Terry was born in San Francisco, California, the only child of German Americans, Frederick Andrew Kormann and Ida Ruth Voll. His father was a chemical engineer in the oil fields who moved often. To ensure he receive a stable education, his parents sent him to live with relatives in New Jersey and attend school while they travelled.
He attended grade school in Glendale, California. He attended Iona High School in New York and Sacred Heart College in San Francisco.
During the holidays, he would return to his parents in such places as Oklahoma City, Oklahoma and Burkburnett, Texas. When he completed high school, he rejoined them for good. He worked for a time in the oil fields as a roustabout, then a tool pusher and rig builder. When he was seventeen, they moved back to San Francisco.
He attended Stanford University, and where he played football. He then became interested in theatre. After a brief stay in New York, he went to London, in 1933, where he enrolled at the Royal Academy of Dramatic Art.

Career

After studying at the Royal Academy, he toured British provinces for four years performing in stock theater. He went to Hollywood, California and took a job with CBS Radio, where he performed in a number of plays on the air, specializing in Shakespearean roles. In 1937, a Metro-Goldwyn-Mayer talent scout heard him in one of these broadcasts and arranged an interview. Terry made a screen test and was awarded a contract with the studio. Among his motion picture appearances, he had a bit part in the movie Mannequin starring Joan Crawford.
Two years later he signed with Paramount, where he starred in The Parson of Panamint, The Monster and the Girl. He then did supporting roles in Wake Island and Bataan, the work on the latter occurring when he was on "loan-out" to MGM. During World War II Terry was classified "4F" unfit for military service due to defective vision.
When he left Paramount, he signed with RKO and was in Music in Manhattan, George White's Scandals, Pan-Americana, Born to Kill and the lead in Seven Keys to Baldpate.
Phillip Terry appeared in more than eighty movies over the span of his career. Many of the early roles were small and often uncredited. But in the 1940s, he received bigger and more numerous roles in some quality movies, such as The Lost Weekend starring Ray Milland, and To Each His Own starring Olivia de Havilland, who won one of her Oscars for her role in the film.

Investing

When his career began to slide in the late 1940s he turned his attention to real estate. He was a good salesman and investor, and eventually became very wealthy.

Marriages

He was married on July 21, 1942, at the Hidden Valley Ranch in Ventura County, California, to film star Joan Crawford. They were divorced in 1946. Irving Wallace, Amy Wallace, David Wallechinsky, and Sylvia Wallace wrote in their book, The Intimate Sex Lives of Famous People:
Despite her status as a single parent, in 1939 she began adoption proceedings for a baby girl, whom she named Joan Crawford, Jr. Months later Joan changed the child's name to Christina.... During she adopted a second child — a boy — and named him Phillip Terry, Jr. Following her 1946 divorce from Terry, she renamed the boy Christopher Crawford.

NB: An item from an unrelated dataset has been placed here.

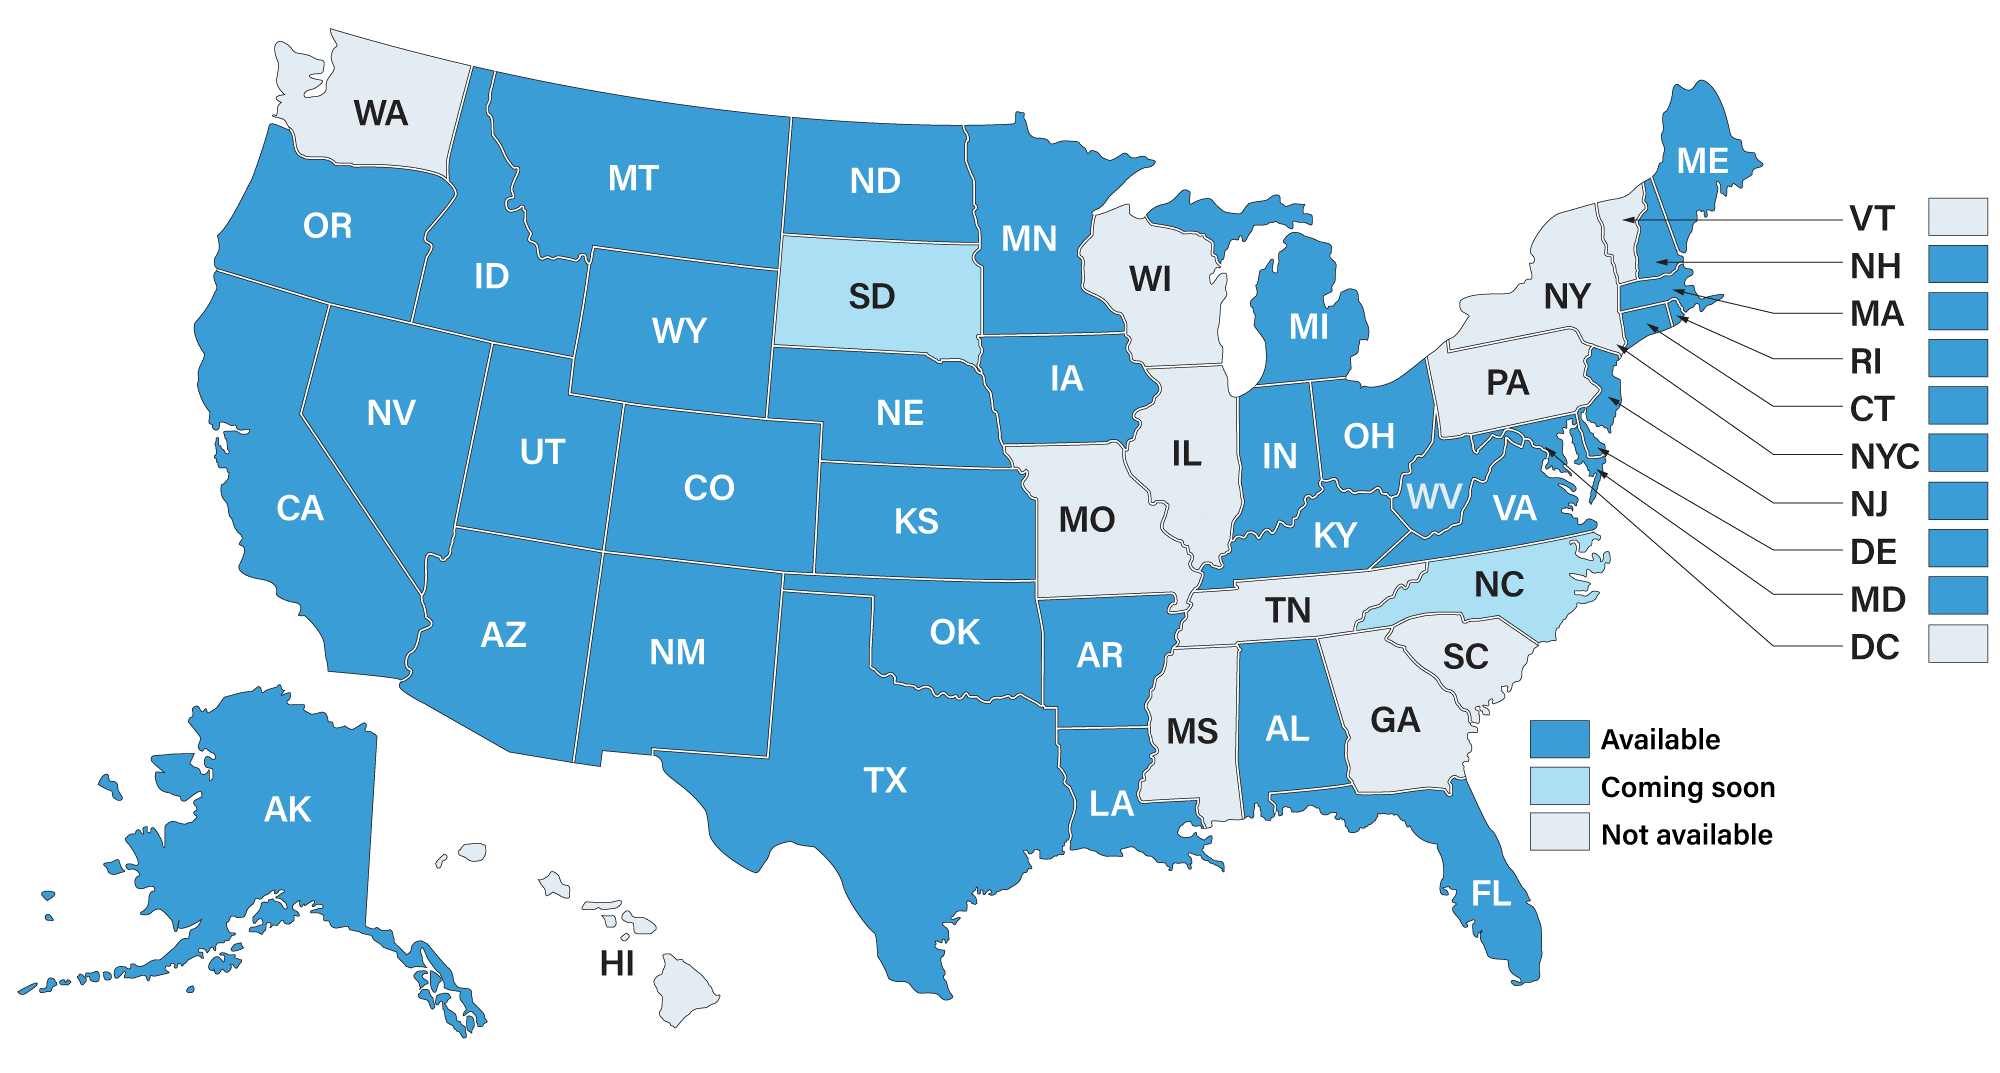 Immunization Link availability by US State

Terry later married Rosalind Lee, who was not an actress; they remained married until his death.

Later years

Terry never completely abandoned acting. During the 1950s, 1960s and early 1970s, he took on occasional movie roles. Some of his better B movies from this period include The Leech Woman, with Grant Williams, and The Navy vs. the Night Monsters, with Mamie Van Doren.
Sometimes he would accept television roles and was in episodes of The Name of the Game and Police Woman. He also made five guest appearances on Perry Mason, including the role of murder victim Robert Doniger in the 1960 episode, "The Case of the Gallant Grafter", and he played murderer Lawrence Kent in the 1961 episode, "The Case of the Resolute Reformer".
In 1973, he retired and moved to Santa Barbara, California. He suffered the first of a series of strokes in 1978. Because of the strokes, he lost his mobility and communication and was an invalid for several years before his death at the age of 83. Terry died at his home in Santa Barbara. His ashes were scattered in the Pacific Ocean.